The limit we report is the percentage of CPU allocated, relative to the entire host.

It actually looked a bit odd to me: Why do we report usage relative to host and limit relative to host? Why not just report usage in percent relative to the allocated container limit?

So I looked at how we are using it, as you also mentioned above. So I saw those references:

            if (entry.getValue().limit > 0 && entry.getValue().limit > entry.getValue().usage) {
                Double temp = ((entry.getValue().limit - entry.getValue().usage) / entry.getValue().limit) * 100;
                percentAvailable = temp.intValue();
            }

In the above code you can see it doesn't really need it the percent to be relative to host nor does it need the limit. It just needs to say: CPU usage in percent relative to container allocated CPU limit < 100%, which the JDK gives.

           double cpuChange = (newUsage.cpu.limit > 0)
                            ? ((newUsage.cpu.usage - oldUsage.cpu.usage) * 100 / newUsage.cpu.limit)
                            : 0;

In the above code, you can see it only needs to know how much percent has changed - same thing - it can use the JDK load percent.

The biggest issue I have is only with the reporting

    private void printResourceUsage(String name, ResourceUsage usage) {
        spec.console().println(name + " : usage = " + usage.usage + ", limit = " + usage.limit);
    }

I don't really understand why would some need to know the limit. Why isn't the CPU percentage enough relative to the container allocation?

I understand all I mentioned here is a bit of technical debt to fix in this PR. I'm saying that we didn't mind not reporting the limit, we didn't need to be very operating system specific, and write Linux-based reporting classes and read the info of it from the file system and now through JVM internal classes. We could just use OperatingSystemMXBean.

@heesung-sn What do you think?

Aug 16 '22 06:08 asafm

Please note that I haven't found any other open source that uses jdk.internal.platform.Metrics - I tried searching using TabNine code search and also GitHub search.

Aug 16 '22 07:08 asafm

@heesung-sn What do you think?

According to this article, https://developers.redhat.com/articles/2022/04/19/java-17-whats-new-openjdks-container-awareness#recent_changes_in_openjdk_s_container_awareness_code

It seems like OperatingSystemMXBean already provides cpu usage in percentage relative to cgroup (for both v1 and v2) (I will call it as cpu_usage_in_percent_cgroup for our discussion)

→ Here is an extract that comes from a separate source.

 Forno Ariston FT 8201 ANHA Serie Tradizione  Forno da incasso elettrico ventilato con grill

I agree with you. From my understanding, load balancer cares about cpu_usage_in_percent_cgroup in the end for the cpu usage computation.

However, LB also requires other signals such as dict_memory_usage_in_percent_cgroup, network_usage_in_percent_cgroup, which require separate limits for their percentage computation.

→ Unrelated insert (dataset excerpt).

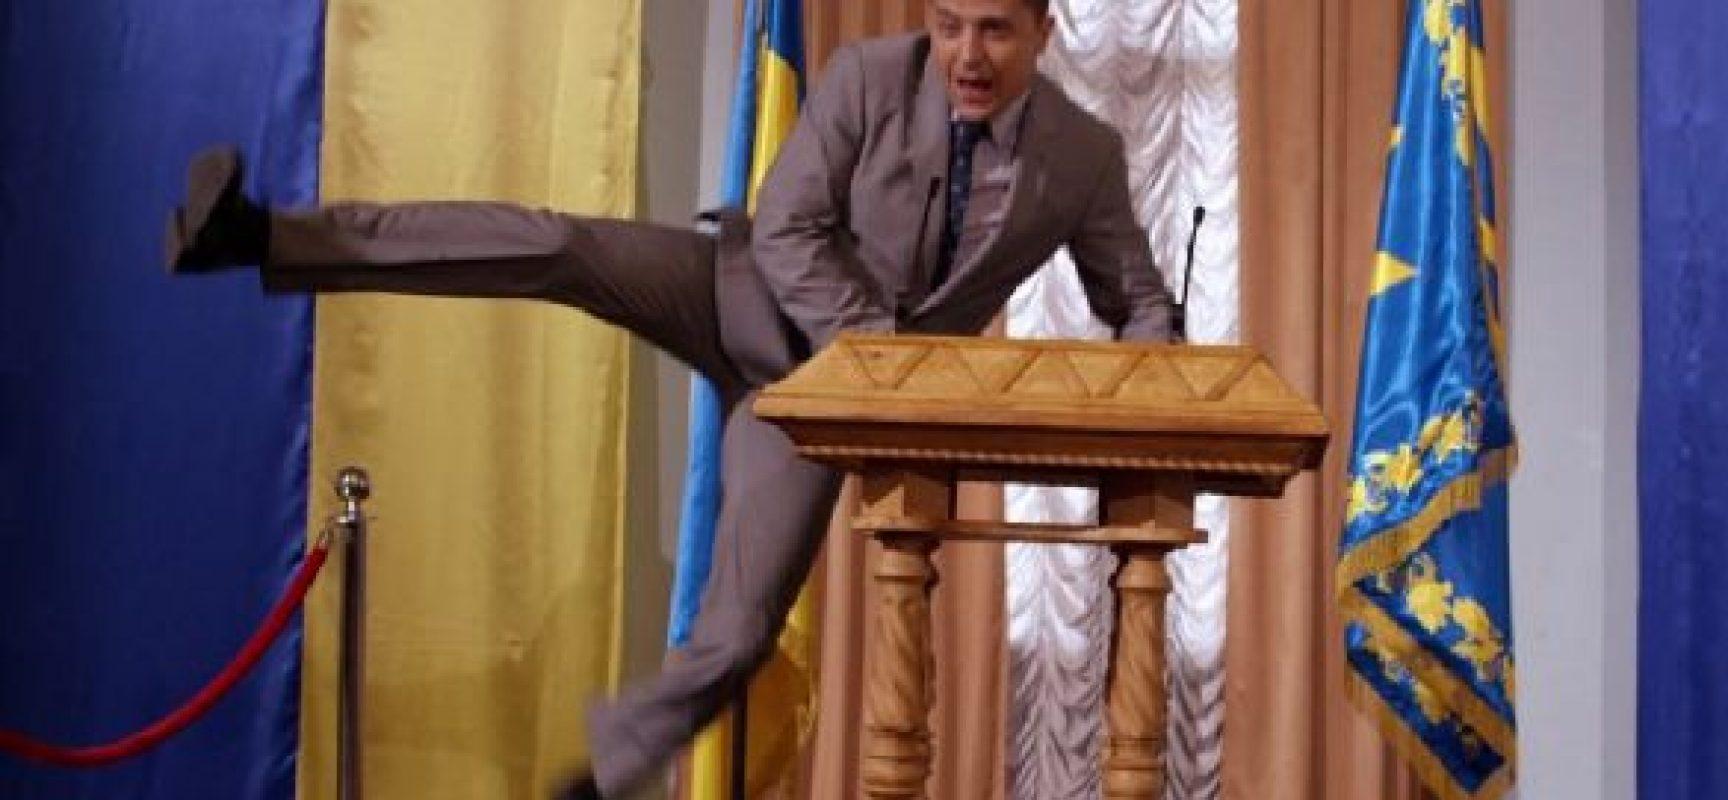 «Слуга народу» в Росії: після вирізаного жарту про Путіна серіал зняли з ефіру

As you pointed out, the problem is that LB uses the same generic code (requiring limit) to compute the resource percentage.

Maybe we can tweak the code to ignore the limit and use the signal as-is if they are already in the *_usage_in_percent_cgroup form.

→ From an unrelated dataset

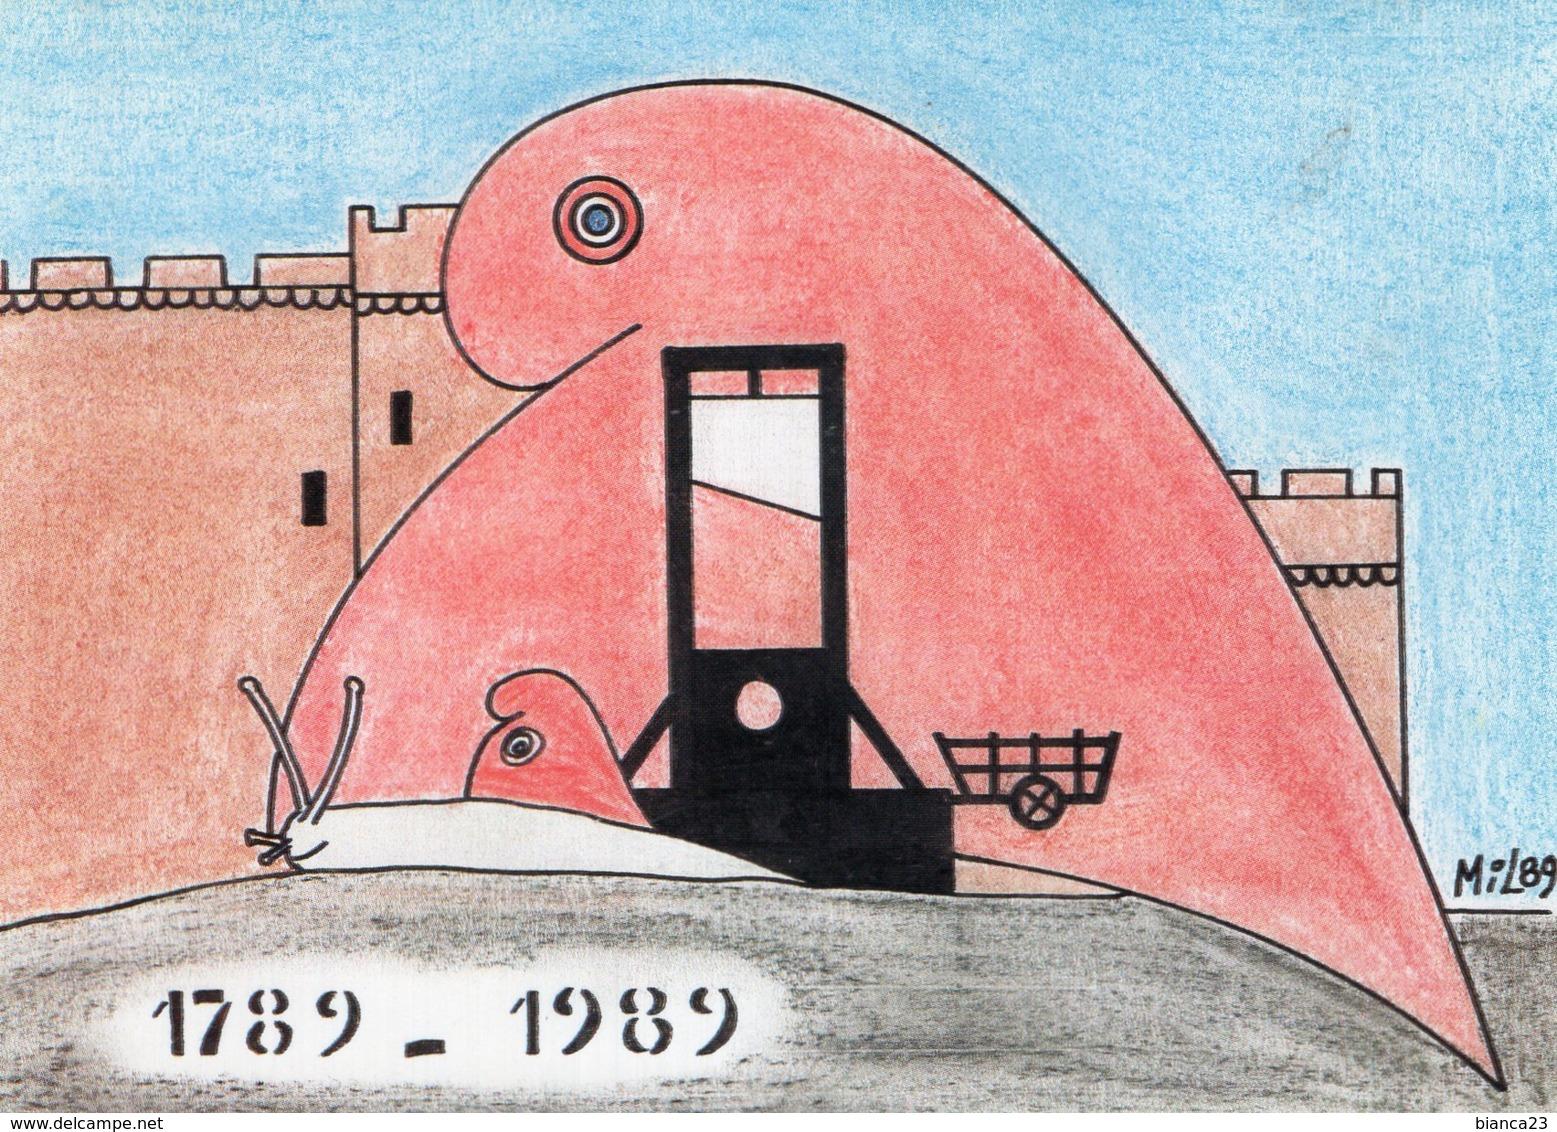 B63969 Cpm Bicentenaire De La Revolution  , Illustrateur Joel Millet - Unclassified

Aug 16 '22 16:08 heesung-sohn

However, LB also requires other signals such as dict_memory_usage_in_percent_cgroup, network_usage_in_percent_cgroup, which require separate limits for their percentage computation.

Can you please expand on that? I don't any method providing usage and limit of direct memory in Pulsar. I do see usage and limit for physical memory (in the container) which as we said we can take from the mxBean which provides total and usage of memory.

Regarding network usage - yes, that I was surprised to see that the operating system didn't include, and we resort to reading operating system specific files to obtain that. I posted a question in the OpenJDK general discussion mailing to get the motivation for that ( I did search their JIRA issue database and also googled the mailing list site but found nothing).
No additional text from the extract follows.